Du point de vue chinois, les déploiements militaires du cabinet Takaichi justifient la vigilance et déclencheront inévitablement des contre-mesures de la part de la Chine car ces déploiements présentent un double danger, tant au niveau géostratégique que sécuritaire. D’une part, de tels déploiements avancés normaliseraient le stationnement des forces militaires japonaises à proximité immédiate du détroit de Taiwan, devenant ainsi potentiellement un point central pour contenir la Chine et faciliter les opérations de collaboration entre le Japon et les États-Unis.
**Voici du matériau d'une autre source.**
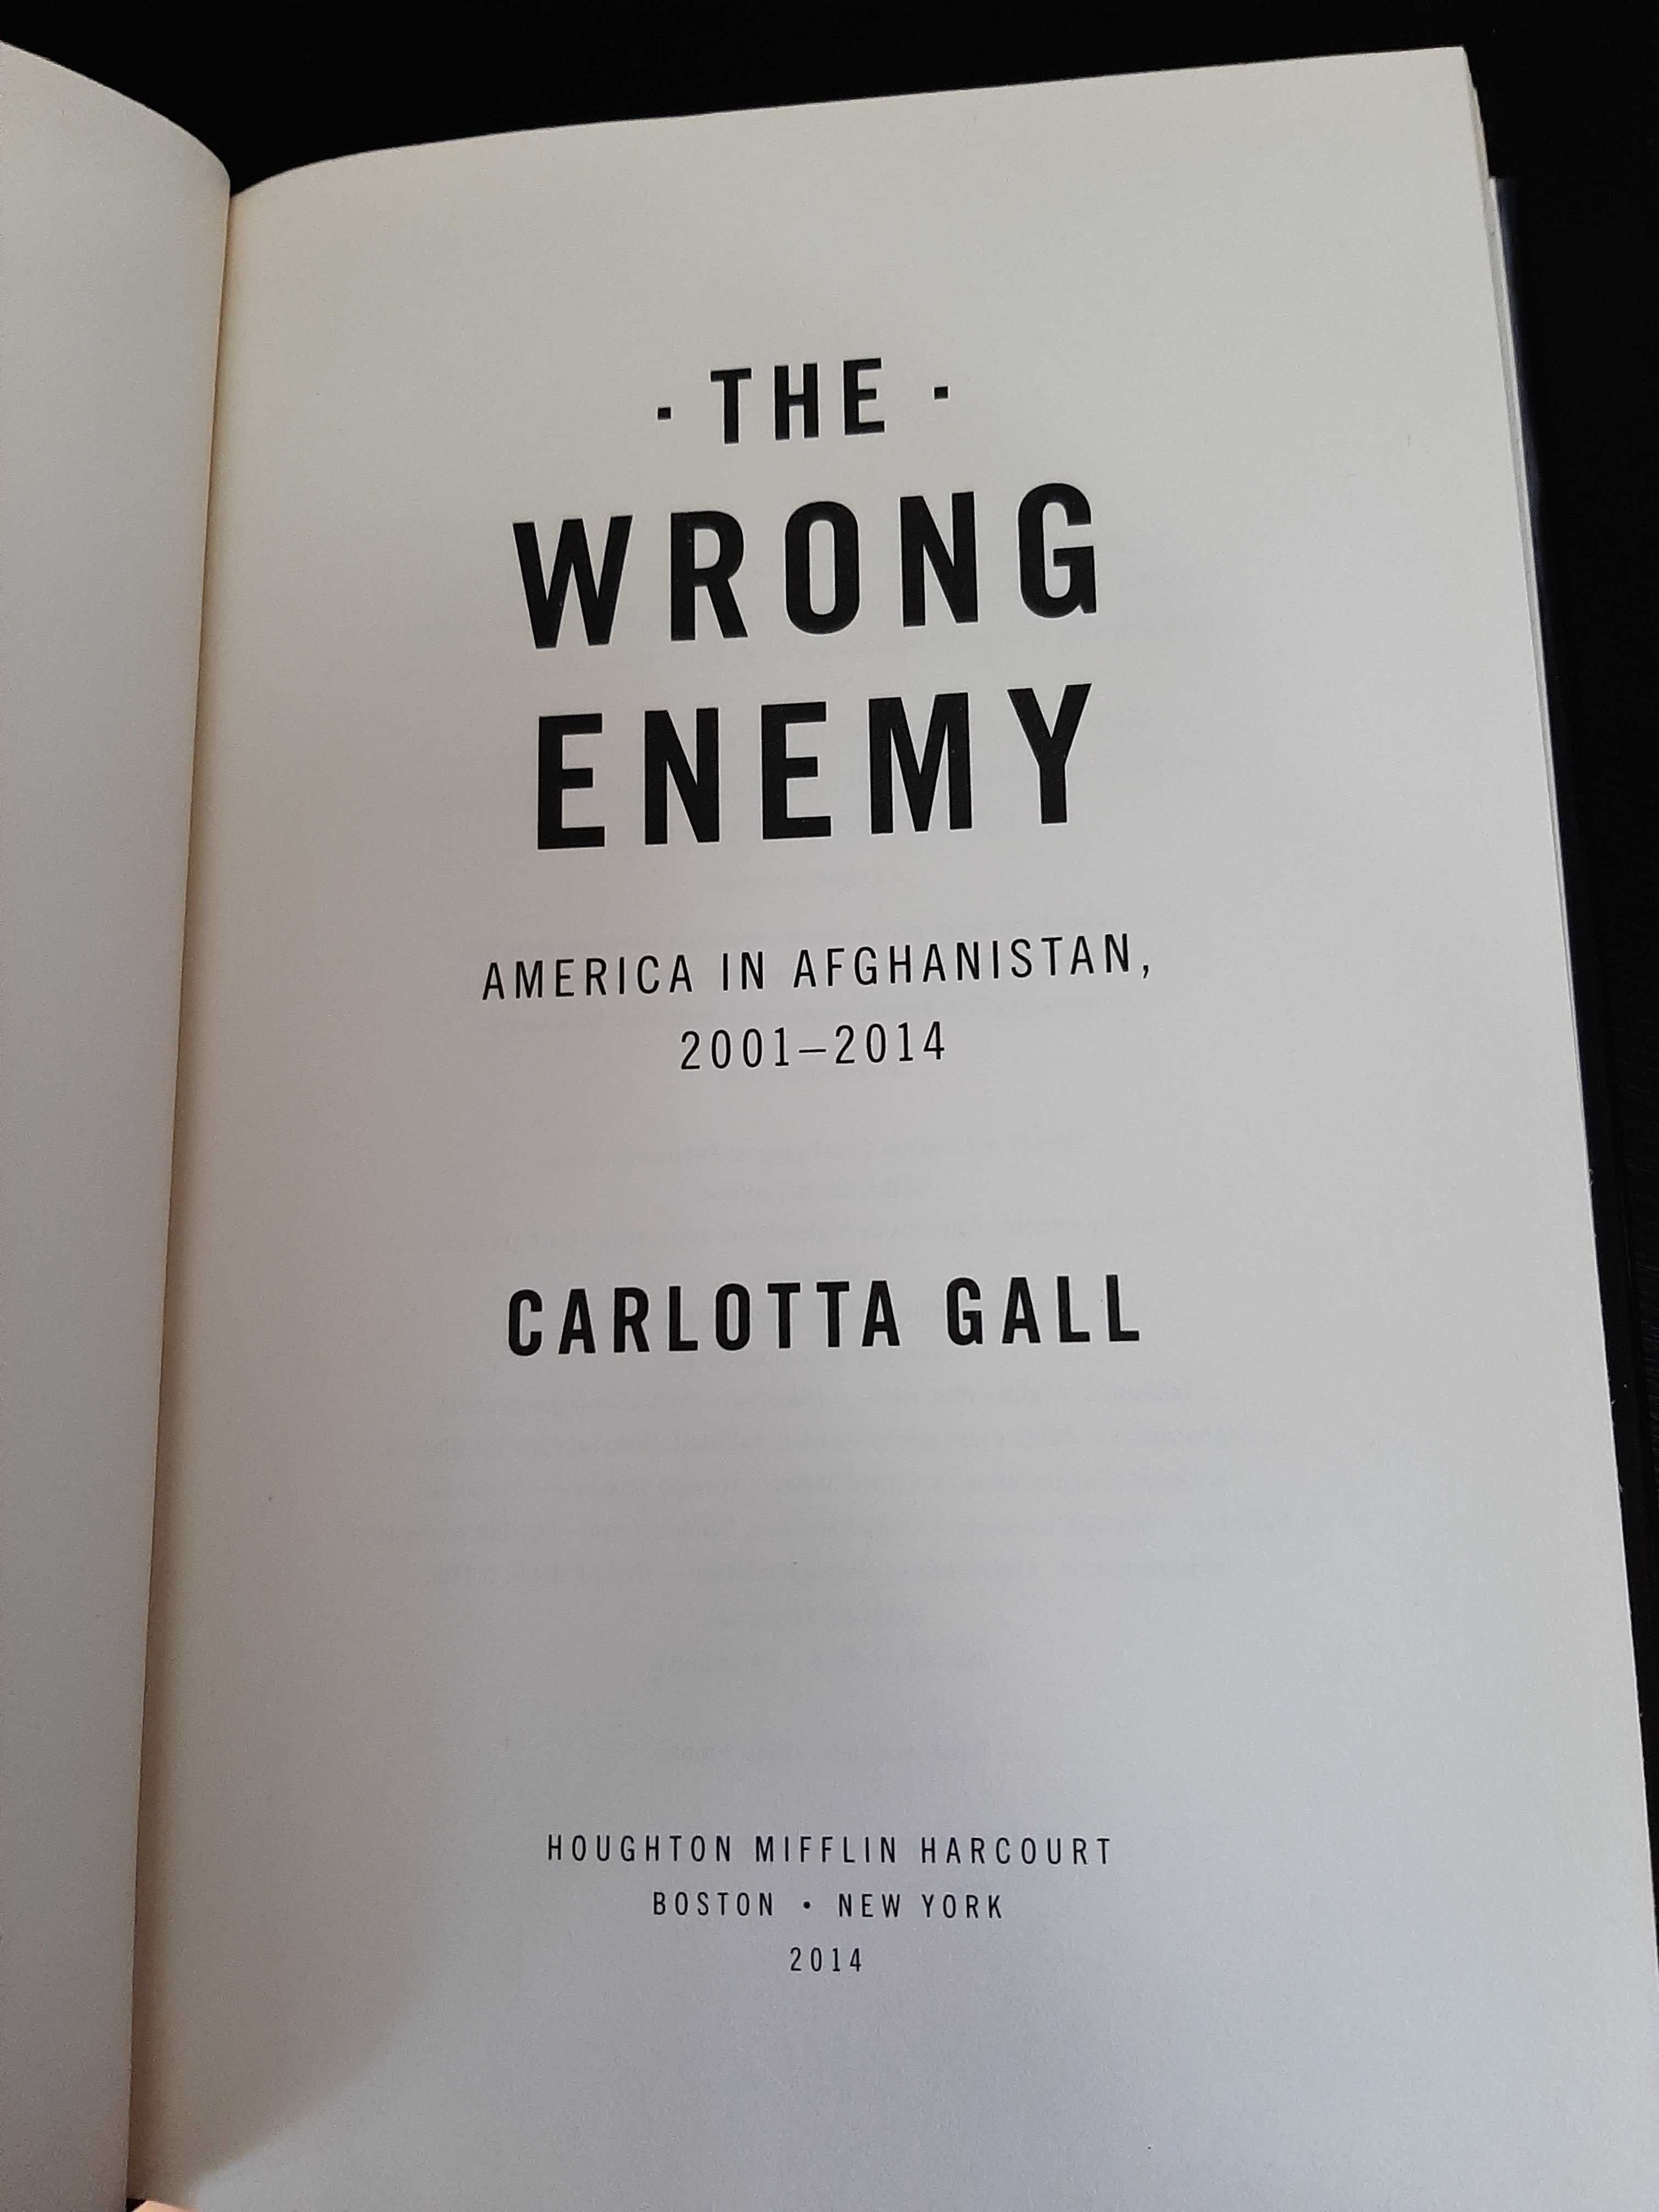 Carlotta Gall – The Wrong Enemy: America in Afghanistan, 2001 to 2014

Cela réduirait directement le temps de réaction de la Chine et augmenterait les coûts opérationnels liés à la sauvegarde de la souveraineté nationale et à la sécurité des canaux maritimes. En outre, cela augmenterait considérablement la probabilité que l’alliance américano-japonaise soit directement impliquée dans une crise. D’un autre côté, si de telles actions se poursuivent, les mesures ultérieures du cabinet Takaichi dans le domaine de la sécurité pourraient accélérer la transformation du Japon en une puissance militaire majeure, voire conduire à une renaissance du militarisme. Cela constituerait une menace directe pour la sécurité nationale et la stabilité régionale de la Chine.
La Chine considère donc le déploiement de missiles japonais comme une provocation « extrêmement dangereuse ». Pour éviter une nouvelle escalade de la situation, la Chine doit mettre en place un système de réponse à plusieurs niveaux. La Chine doit exprimer sa position claire par le biais de consultations bilatérales et d’une coordination diplomatique multilatérale, tout en employant les contre-mesures économiques, voire militaires, nécessaires pour dissuader efficacement les dangereuses manœuvres militaires du Japon.